Cryptographically sign your links
A different approach is to record all the information you need in the link and to also add a cryptographic signature to prevent people from misusing it. This is much simpler than the word “cryptography” suggests, you just need to use a magic word (we’ll use “albatross”) and know about the md5() function.
You start off with the same destination string we used in Add some metadata – “/123/456/789/cnn.com/WORLD/“. Then you add the magic word on the end, to give “/123/456/789/cnn.com/WORLD/albatross“, and take the md5 “hash” of that.

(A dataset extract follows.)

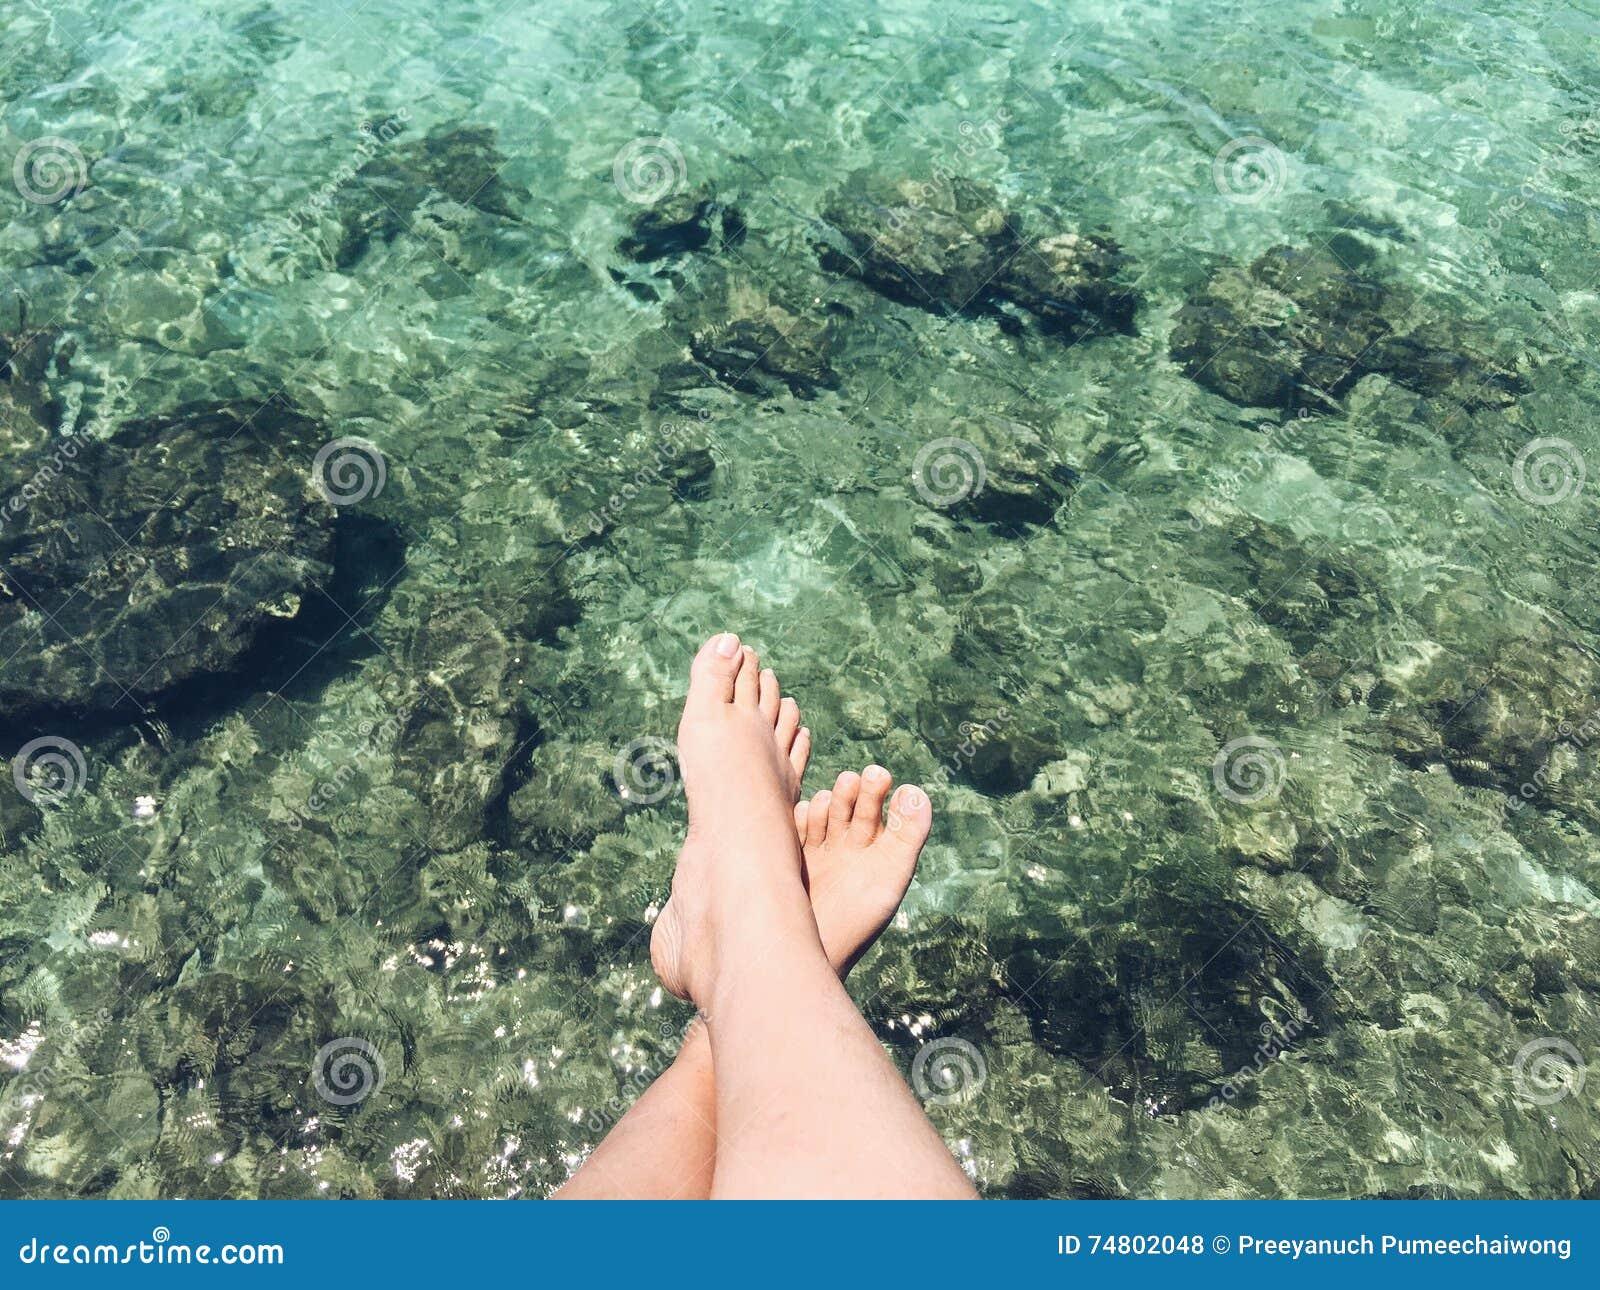 Feet dangling above water

That’s some cryptographic black magic that’ll give you a string of letters and numbers that’s a “fingerprint” of that string. It’ll look something like “609a78b941bdf9f045cadcfa2e09d54c“. Then you combine that with the destination string to look like this:
http://click.example.com/609a78b941bdf9f045cadcfa2e09d54c/123/456/789/cnn.com/WORLD/
Then, when your webserver sees this link it splits it into the hash (609a78b941bdf9f045cadcfa2e09d54c) and destination string (/123/456/789/cnn.com/WORLD/). It then does exactly the same thing you did when you created the link – appends the magic word to the destination string to give “/123/456/789/cnn.com/WORLD/albatross” and takes the md5 hash of that string. If the result of that matches the hash in the link, it knows it’s a valid redirection link and it can record the click-tracking data and forward to the destination link. If the result doesn’t match it knows that the link has been tampered with, and can return an error page.
To generate the link in PHP would be something like this:
$destination = "/$customerid/$campaignid/$recipientid/$link"; $clicktrack = 'http://click.example.com/' . md5($destination . 'albatross') . $destination;
This is much cheaper to generate and validate than using a database, even a typical in-memory database.
Which to use?
Don’t use the simple approach – it’ll get abuse sooner or later and you’ll regret it. Any of the database or cryptographic approaches work just fine, though the cryptographic approach may be easier to scale up and maintain. The database approaches make it easier to disable a link, or direct it to somewhere else at a later point, in case of abuse or some other need.
What else is it good for?
You can use the same sort of approach to validate unsubscription links and VERP return paths for bounce handling. And “open tracking” using these sort of links for image URLs, if you find that a useful metric to offer.